Greg, you are right about taking the high road....one semi-objective comment.

I typically drive a TR8 in ITS. A friend and I built a SM to run this enduro, and to try and rent out next year to cover the cost of doing an enduro each year.

First time this weekend driving an SM. As an IT driver, I've always wondered why these cars always seemed to be bumping and banging off of each other.

I think, after 2.5 hours in the car on Saturday, I can make two perhaps helpful non-driver specific observations for non-SM drivers:

1. An SM makes you feel like superman. I'm not kidding. It is underpowered, handles great (and predictably), and stops well. You can do things in that car that would get you killed in your IT car. Case in point: when I get the Uphill Esses exactly right in my TR8, I am much faster through there than I am in the SM. BUT, if I am even a few inches off, I'm toast, off the track and possibly in big trouble. WIth the SM, I could go flat out through the esses using a couple of different lines. The SM would recover just fine.

2. Lifting in the SM is death -- the car just comes to a halt and the rest of your competitors sail away. As an IT driver in a car with torque, I can back off, and then get back on the throttle and not totally kill a lap. In the SM, any lift would have dire implications for several corners at least.

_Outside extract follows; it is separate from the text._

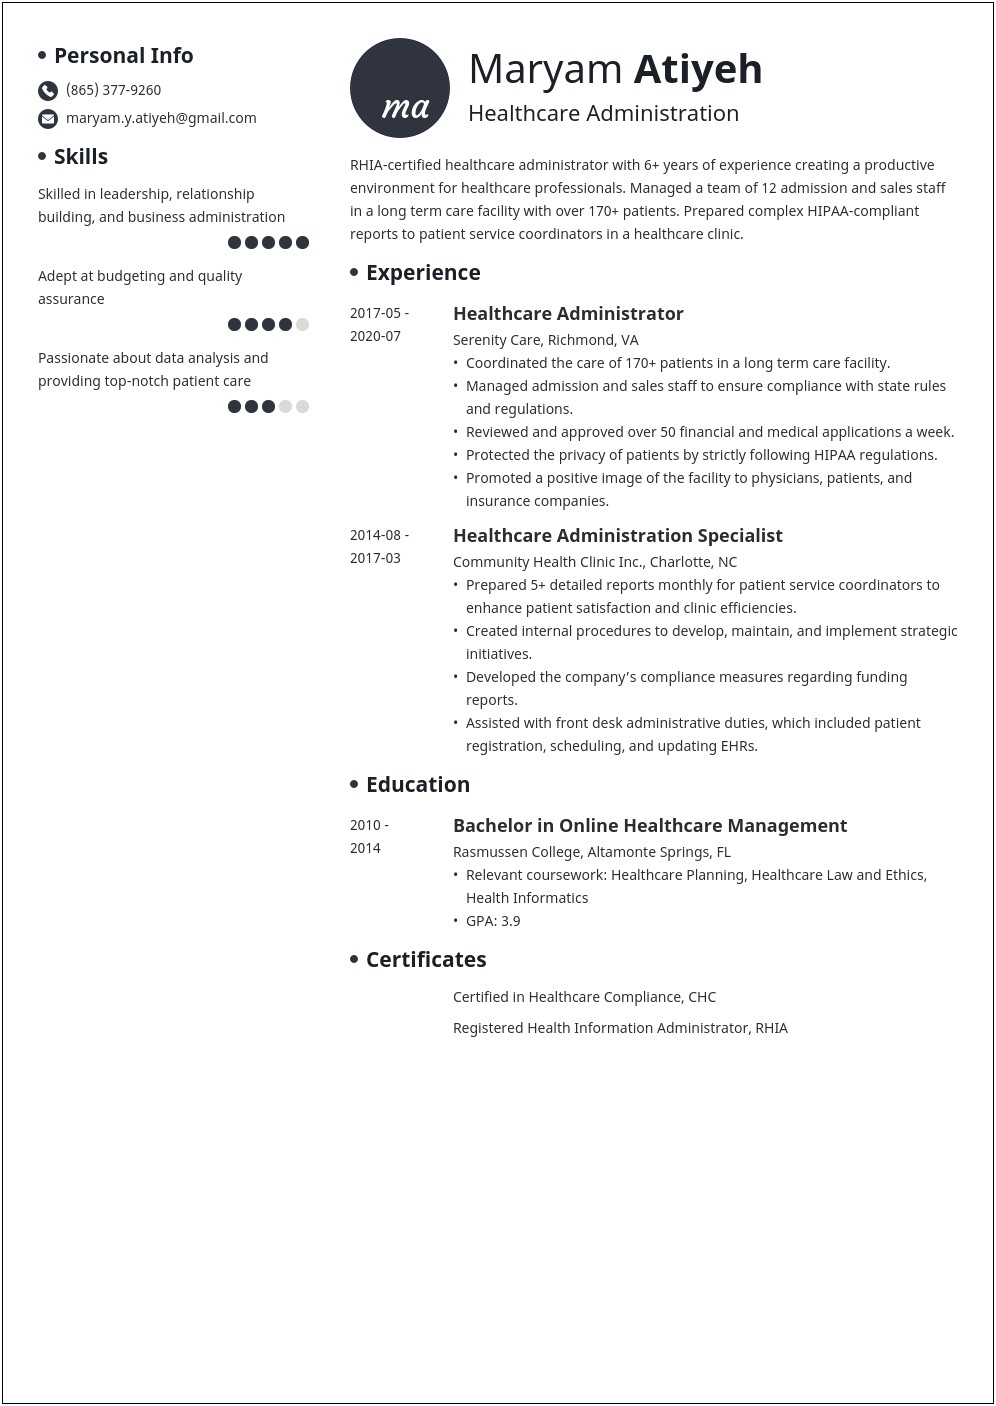 Resume Objective Entry Level Healthcare 2017
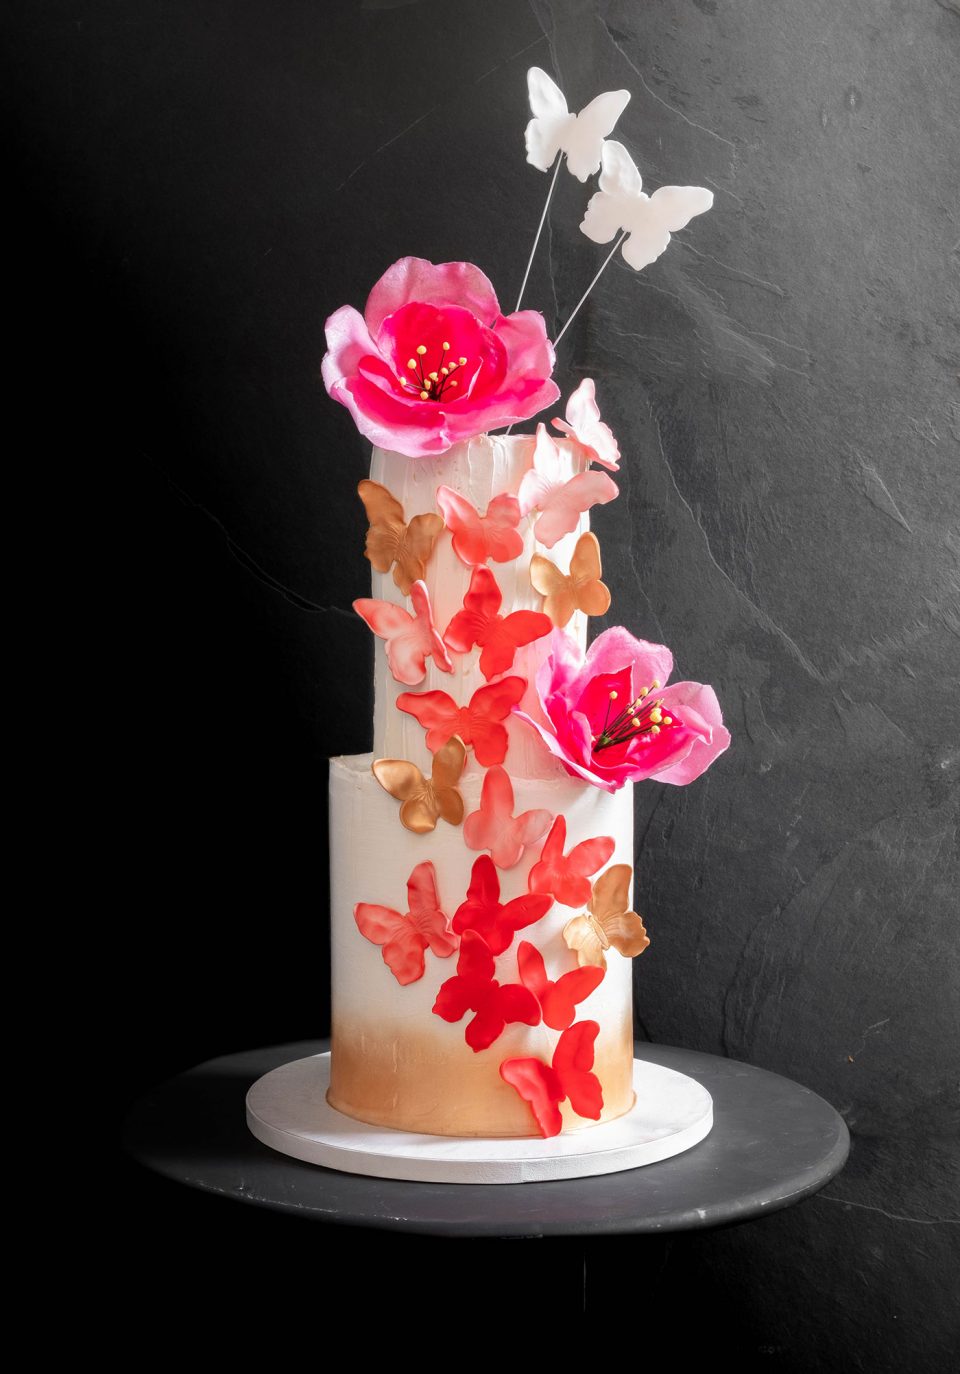 The Cake Maker Miri - The Cake Maker Dublin | Bakers and Cakers / Decorate your cakes to make them extra beautiful, and take photos so decorate your cakes with yummy frosting, delicious decorations & adorable toppers!

I think this encourages, at least it did with me, trying to find ways NOT to lift at all.

My first session I was certainly guitly of playing Wreck Pinata, puttin gthe car in the tire wall in Oak Tree with an ill advised pass of an ITS car that was just going to run me down on the backstraight. After seeing the cost to my team (2 laps pulling out the right front fender) of that move, I settled down and just tried to be consistent.

So, while I like and respect the car, I think I am going to put down teh crack pipe and stay with my TR8, which requires me to be more precise and stay out of trouble to go fast. The Miata, on the other hand, just tempts you and tempts you to do things you shouldn't.

The solution? An SM only run group. Let them have fun in those cars because I do think they are/need to be driven differently than most other IT type cars.